I forgot to add that I really like the Yamahas. Not to mention the value


----------



## zguitz (Aug 18, 2017)

Art & Lutherie Legacy bourbon burst with silk & steel strings ?
Smaller body, smoother strings, short scale 24.84, cool finish
Legacy 
Dan


----------



## Scotty (Jan 30, 2013)

zguitz said:


> Art & Lutherie Legacy bourbon burst with silk & steel strings ?
> Smaller body, smoother strings, short scale 24.84, cool finish
> Legacy
> Dan


Those are pretty sharp looking


----------



## albert (Apr 15, 2009)

My first guitar was a 1981 Yamaha G-231 II classical guitar that I bought used for $200 25 years ago. I still have it and it is easy to play and sounds very good for a less expensive guitar. 

There are a lot of nice used to guitars.


----------



## butterknucket (Feb 5, 2006)

Art & Luthrie Ami for something on the smaller side.


----------



## Diablo (Dec 20, 2007)

Hammerhands said:


> It’s all about the neck. The size of the guitar is insignificant.

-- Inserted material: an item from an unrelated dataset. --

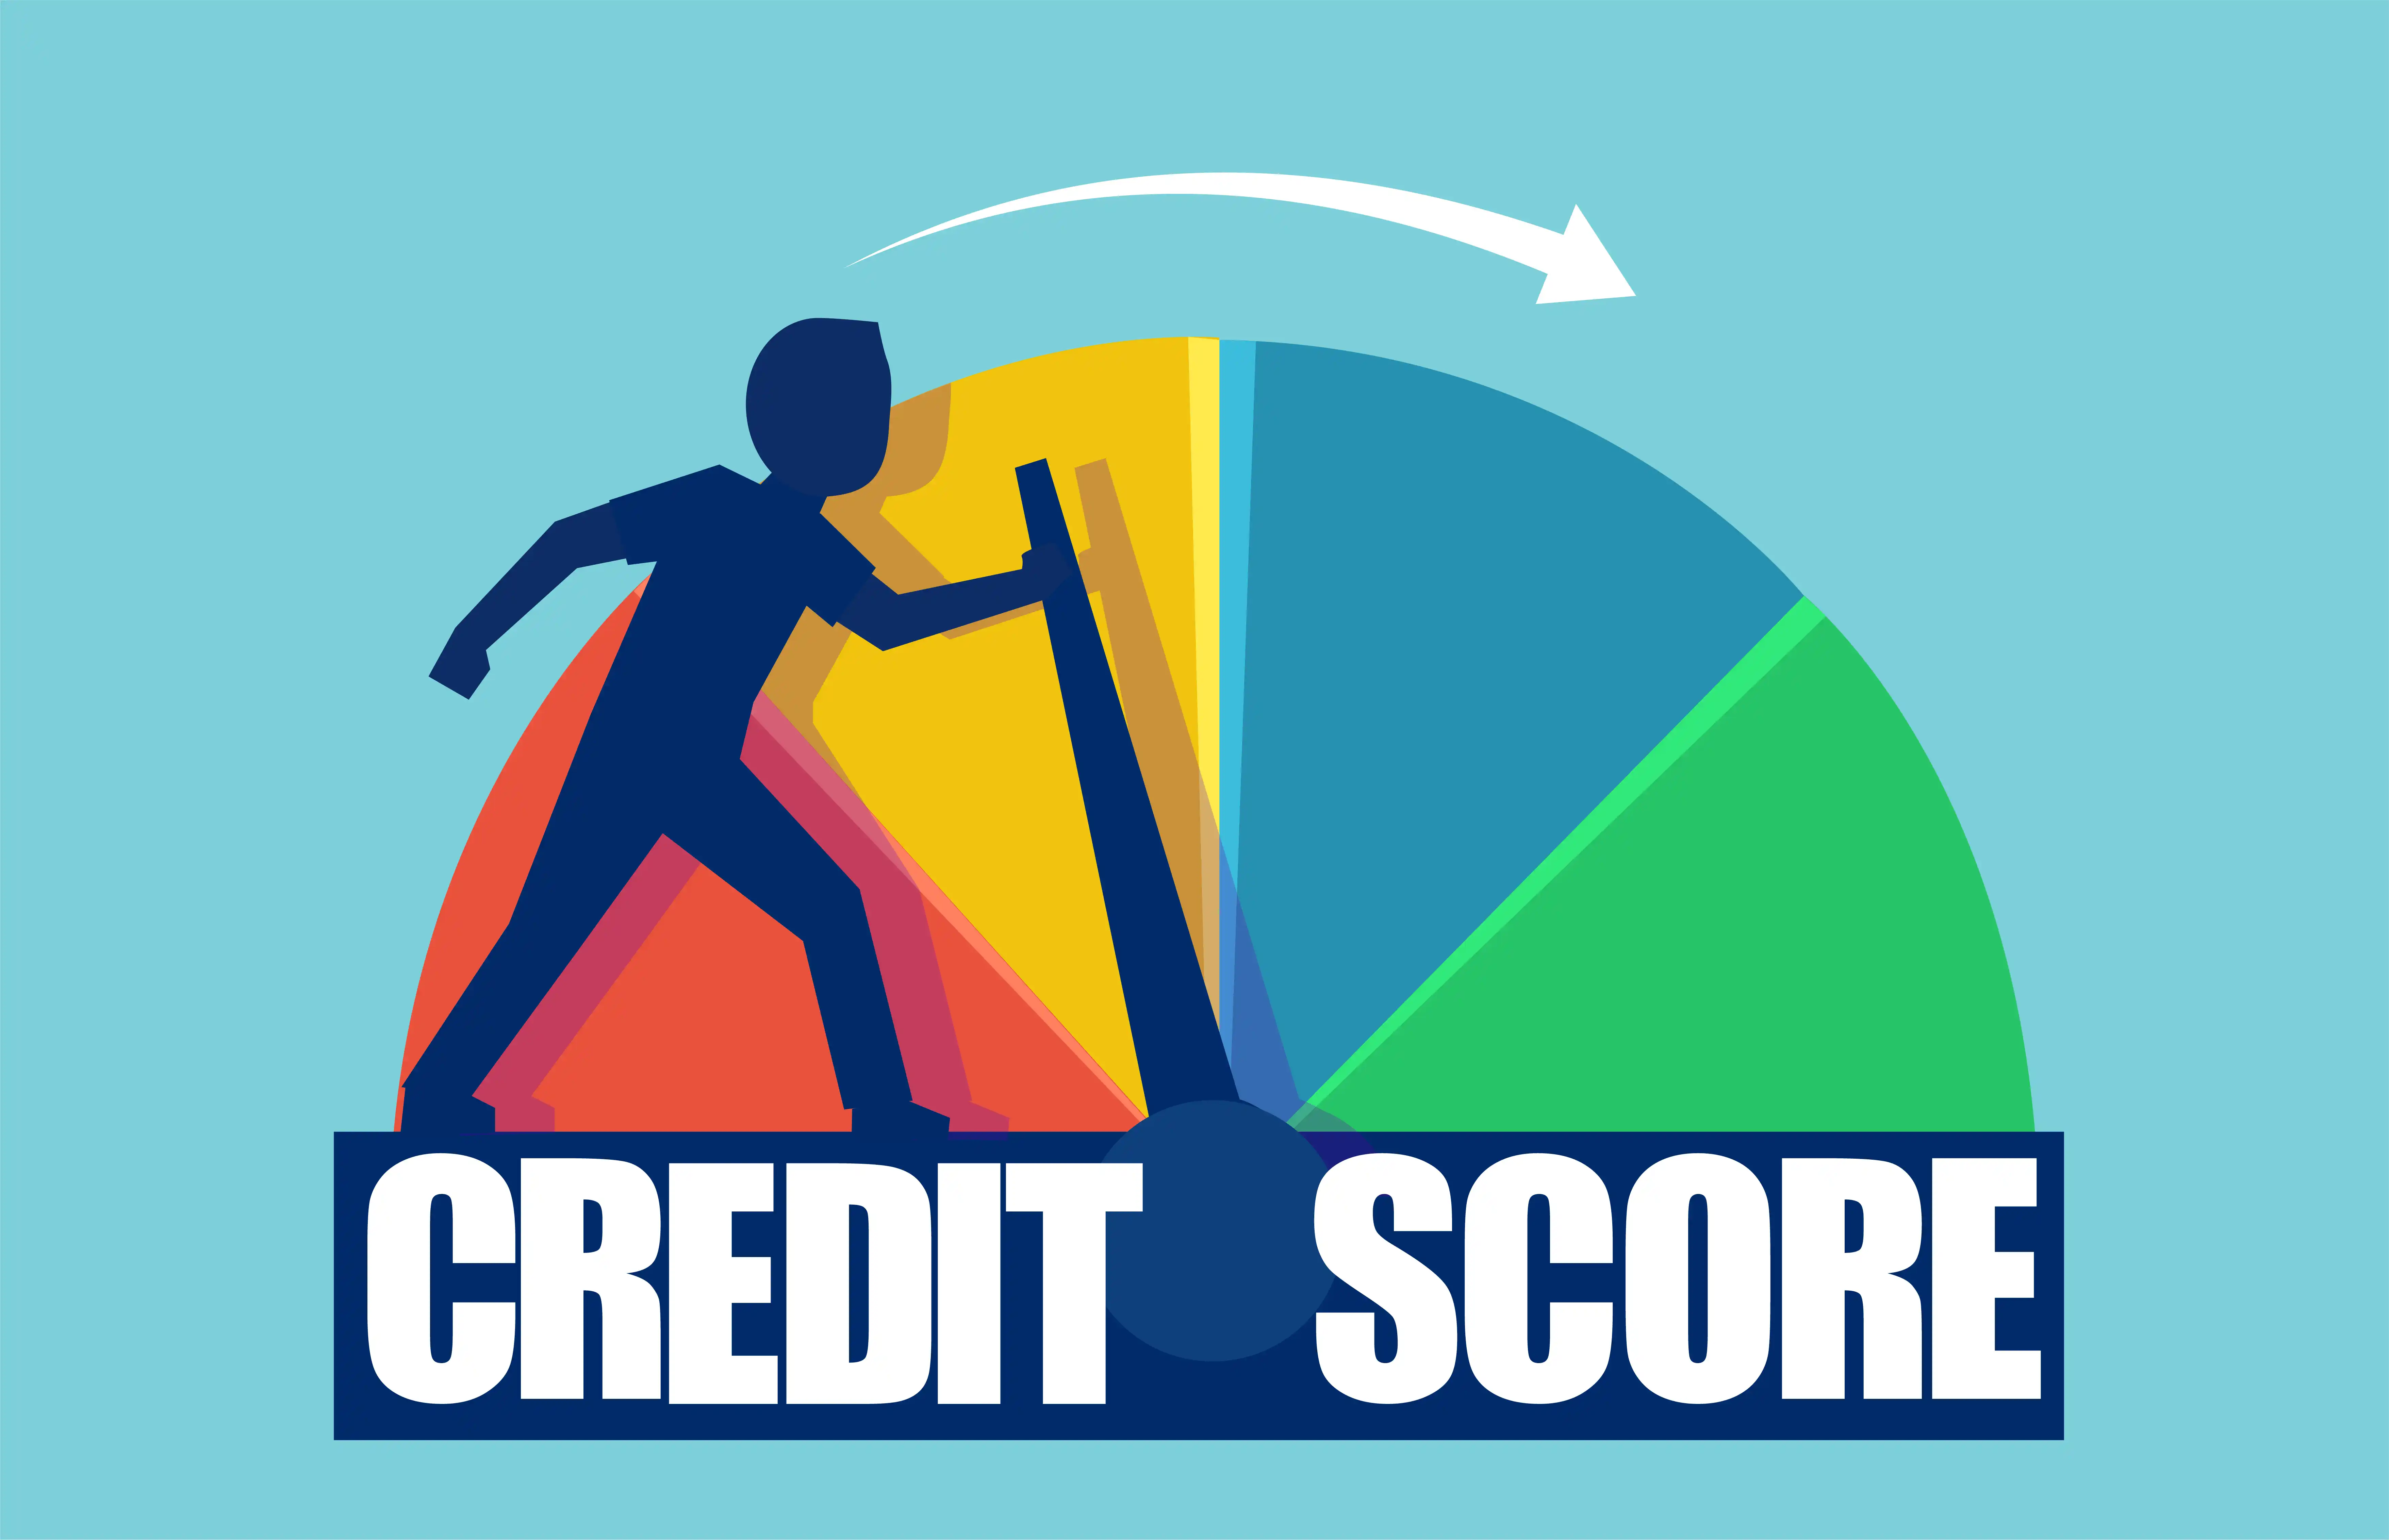 How to Raise Your Credit Score

I wouldn't go that far...I hate big bulky boxy feeling guitar bodies. Plus different bodies have different sounds, otherwise we'd all be playing Taylor GS Minis.


----------



## jimmy c g (Jan 1, 2008)

make a trip with him and let him try some -quality time and a git he likes ....


----------



## -How- (Dec 31, 2017)

Original poster - probably already bought it (Christmas?), but if not, then I would suggest either a classical or folk/parlour smaller body guitar to learn on...


----------



## knight_yyz (Mar 14, 2015)

Hammerhands said:


> It’s all about the neck. The size of the guitar is insignificant.



I have to disagree. My first acoustic was a dreadnought. Dug into my chest and was very uncomfortable to play.


----------



## mhammer (Nov 30, 2007)

Late to the party, but my own vote would be for a parlour guitar. Someone just learning is unlikely to want anything that sounds louder than their skill level warrants. Parlour guitars fit just about any body build. A wide neck is good for someone less nimble for now. A cutaway is probably overkill for someone who is probably treating an open G chord as a major accomplishment at this point. Two years from now, maybe, but not just yet.

What hasn't come up is whether to go with nylon or steel strings. If he has no relevent callouses, nylon strings might be better.


----------



## -How- (Dec 31, 2017)

mhammer said:


> Late to the party, but my own vote would be for a parlour guitar. Someone just learning is unlikely to want anything that sounds louder than their skill level warrants. Parlour guitars fit just about any body build. A wide neck is good for someone less nimble for now. A cutaway is probably overkill for someone who is probably treating an open G chord as a major accomplishment at this point. Two years from now, maybe, but not just yet.
> 
> What hasn't come up is whether to go with nylon or steel strings. If he has no relevent callouses, nylon strings might be better.


My feelings exactly...


----------